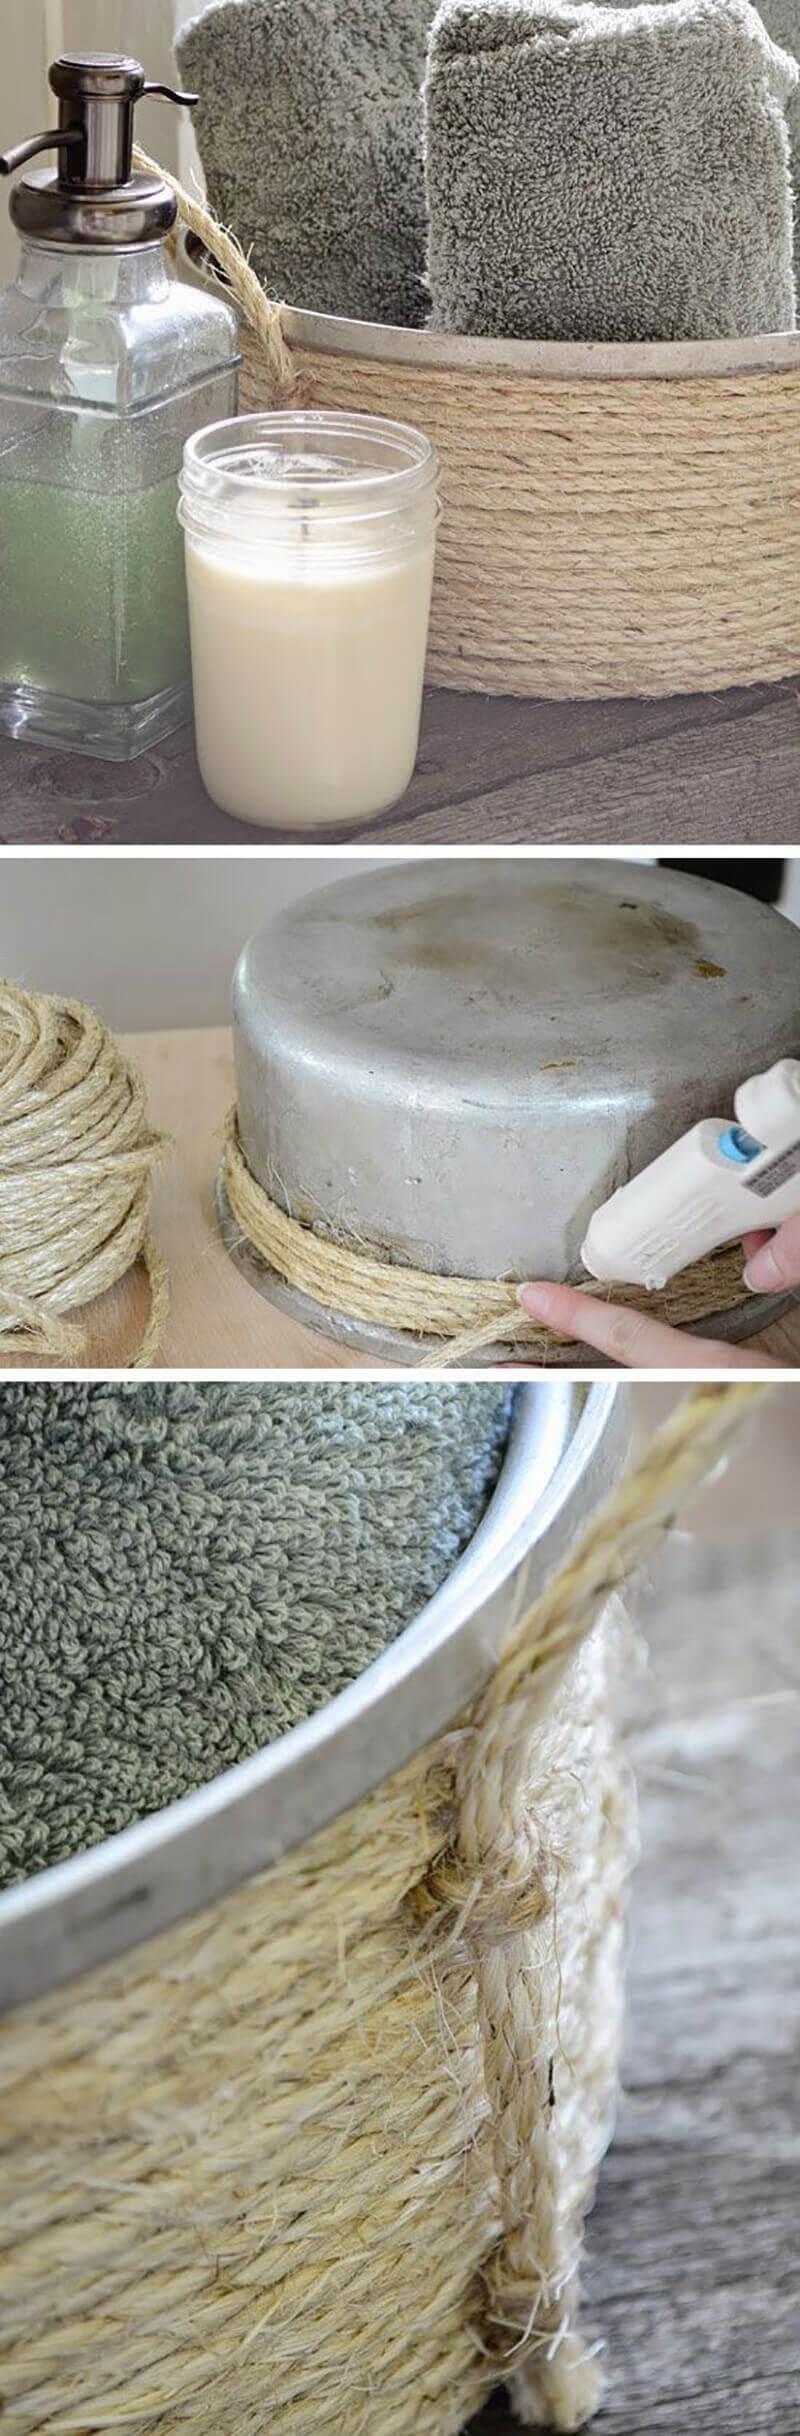 Rustic DIY Sisal Rope Towel Tote
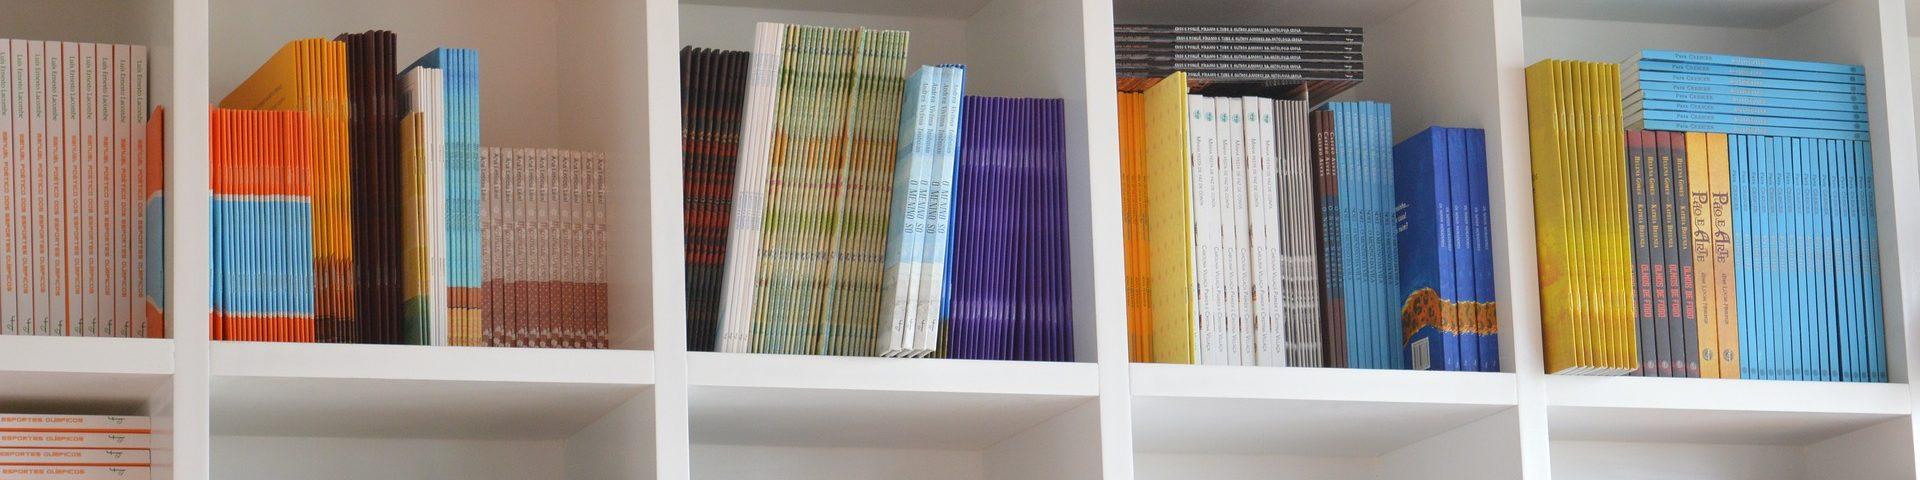 books-1643106_1920
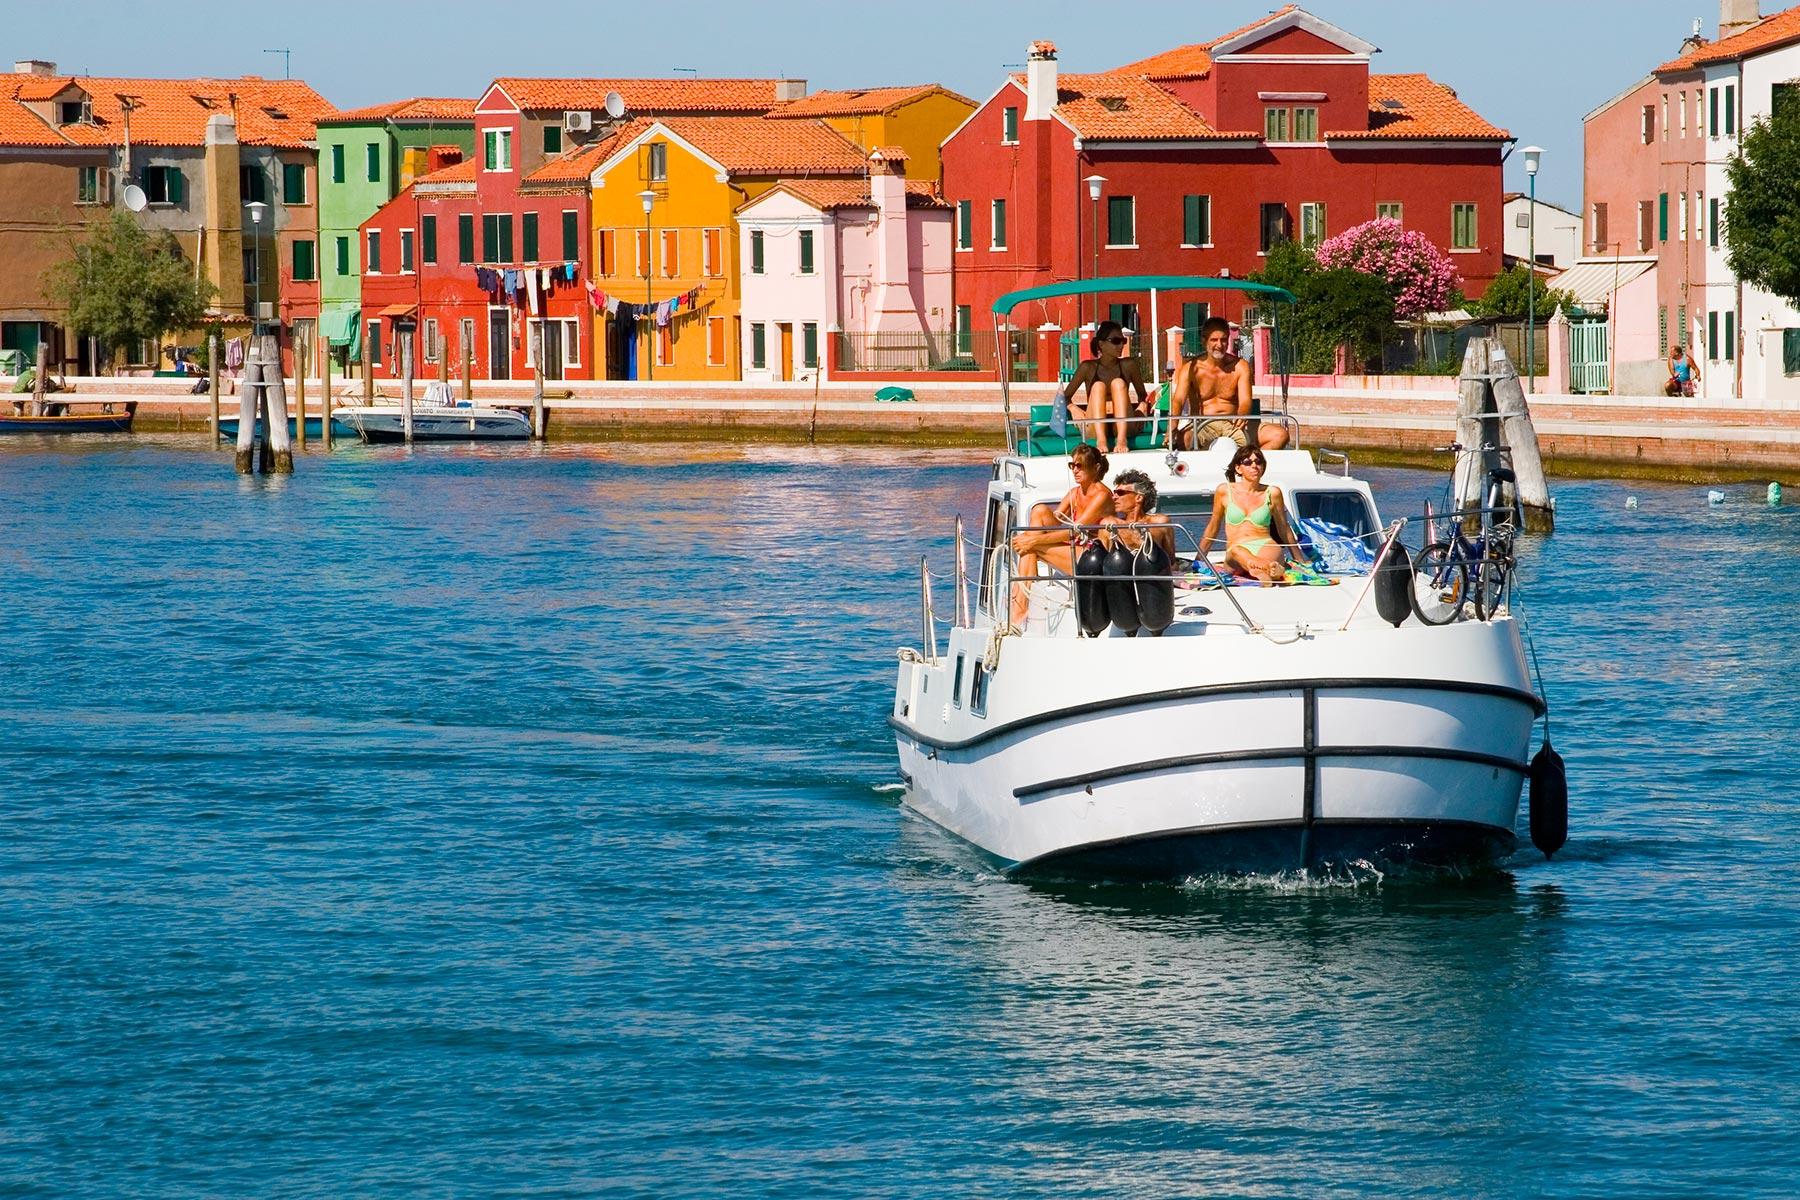 Barca abitabile houseboat Burano vacanza case colorate
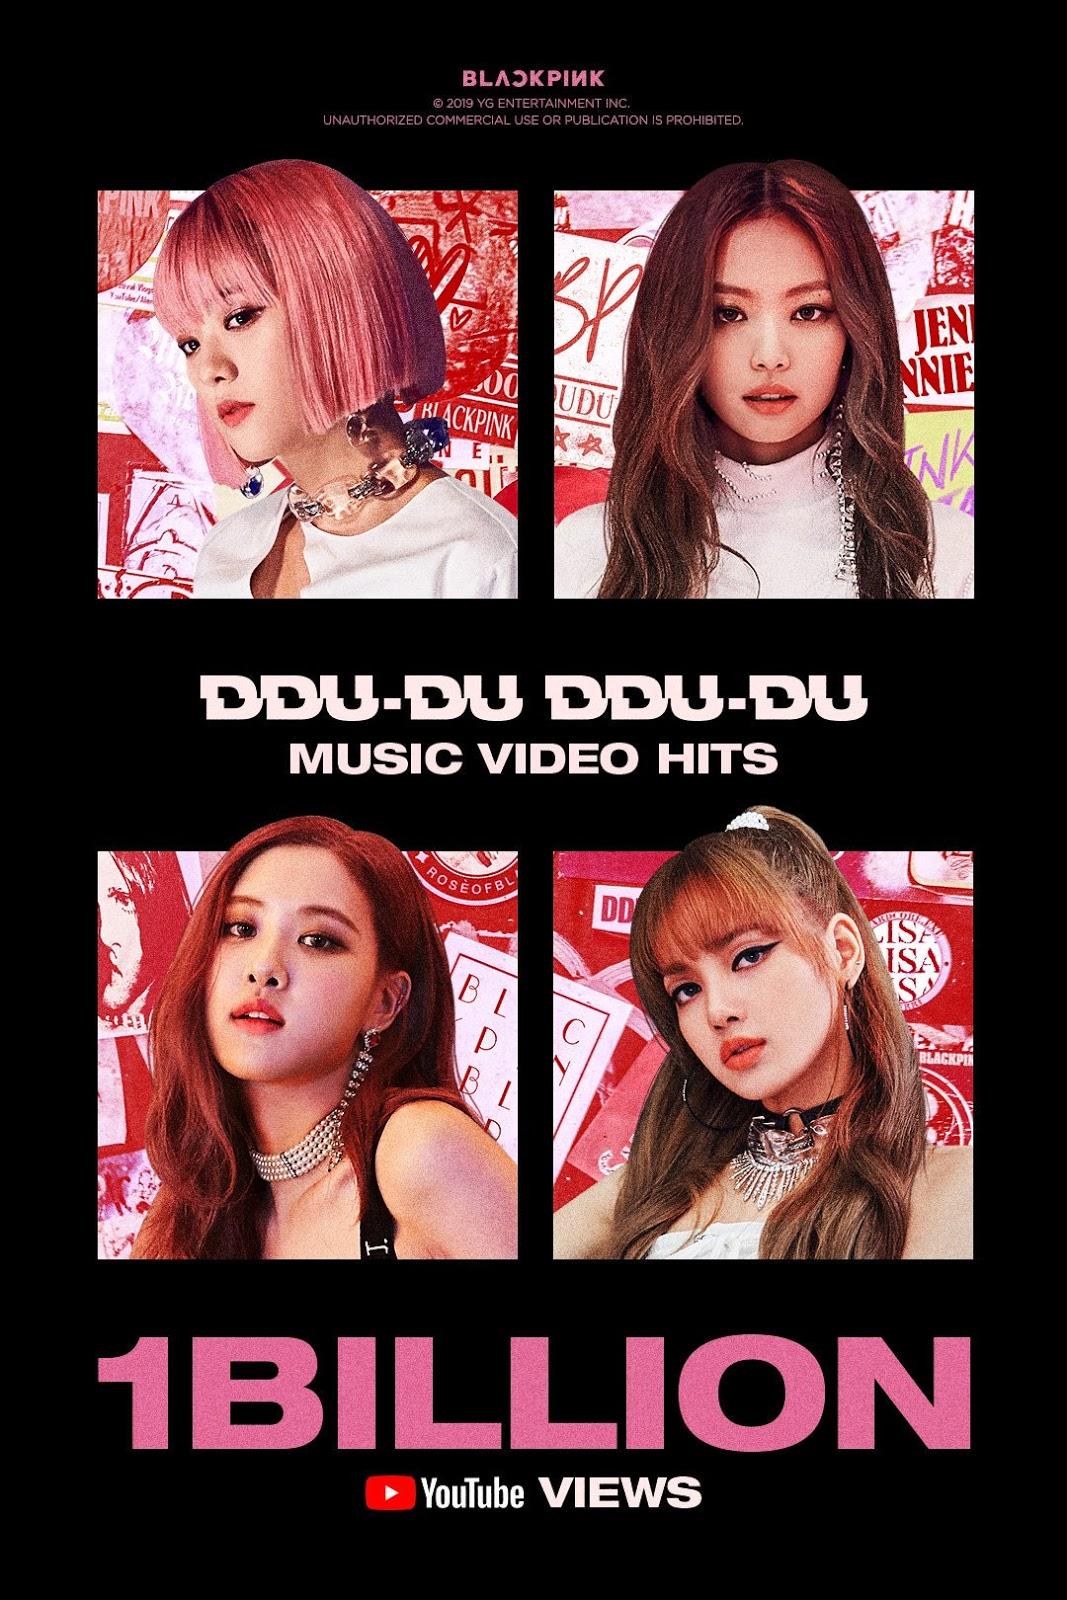 BLACKPINK's 'DDU-DU DDU-DU' Becomes First K-Pop Group MV to Touch 1 Billion Views on Youtube
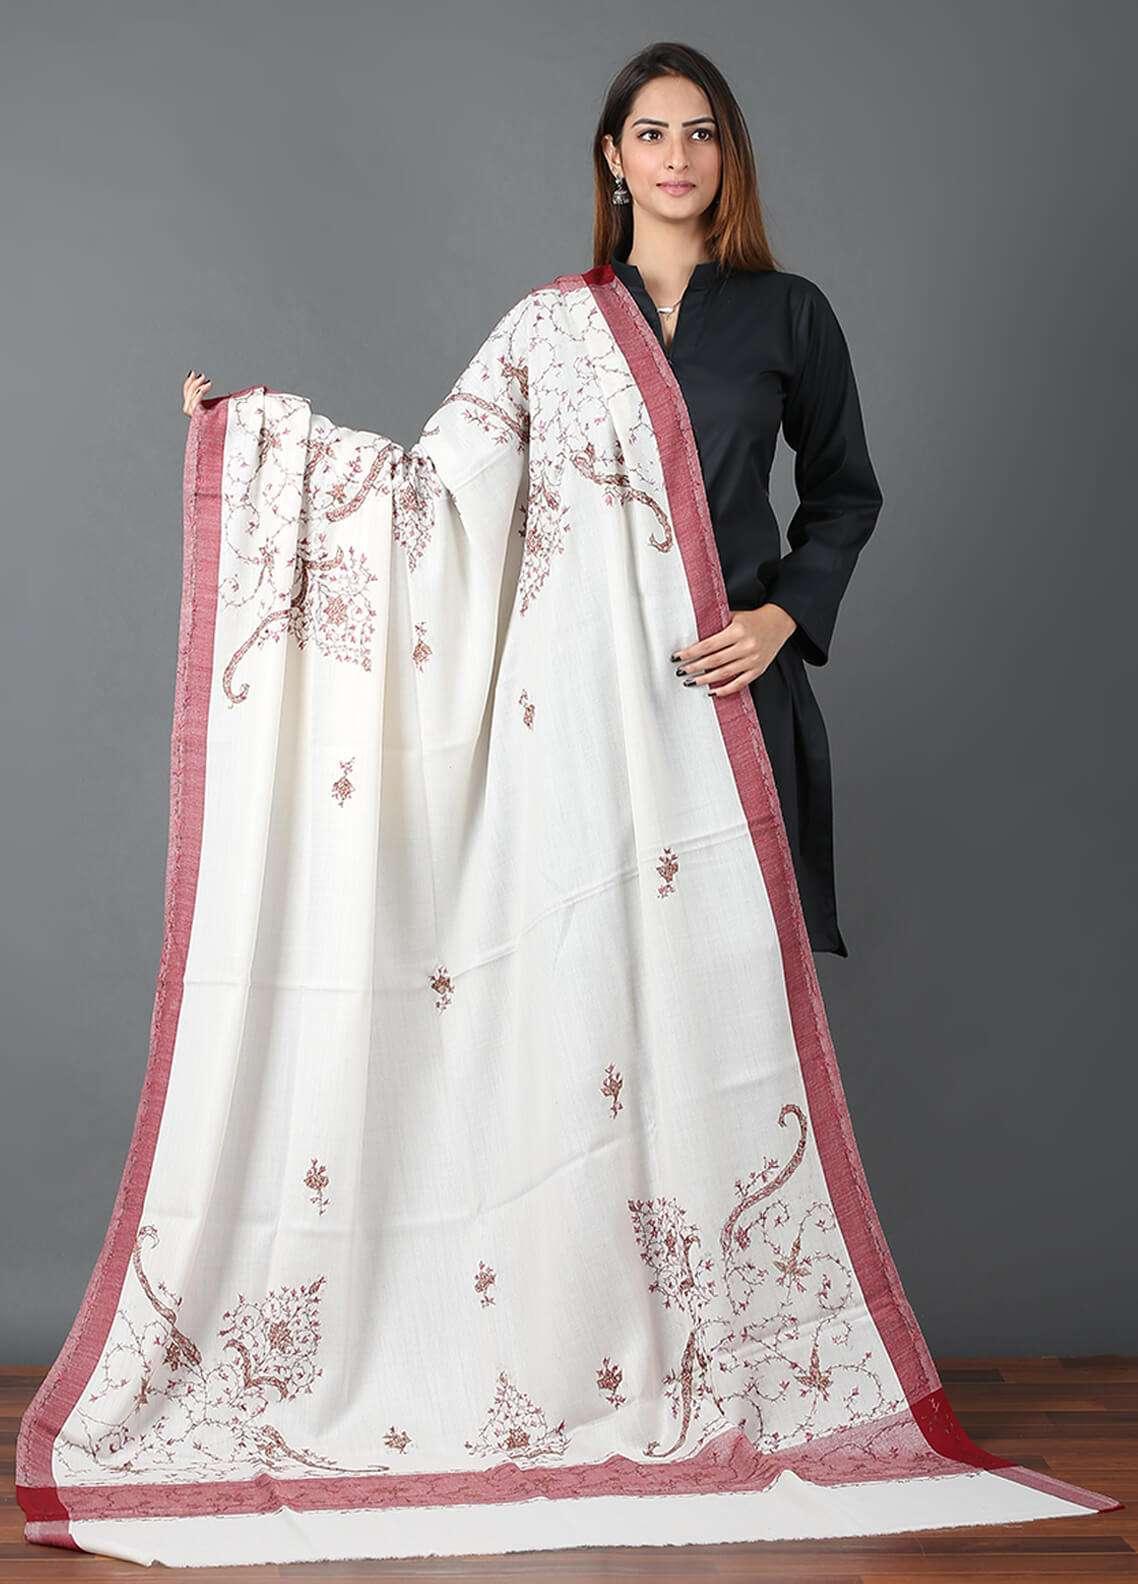 Sanaulla Exclusive Range  Pashmina Embroidered Shawl 663 - Kashmiri Shawls

........

INSTRUCTIONS TO FOLLOW - From the line that includes "Barca abitabile houseboat" on down to the last line of the entries above, set down each line exactly, leaving out the pictures.

RESPONSE TO THIS TASK -
 Barca abitabile houseboat Burano vacanza case colorate
 BLACKPINK's 'DDU-DU DDU-DU' Becomes First K-Pop Group MV to Touch 1 Billion Views on Youtube
 Sanaulla Exclusive Range  Pashmina Embroidered Shawl 663 - Kashmiri Shawls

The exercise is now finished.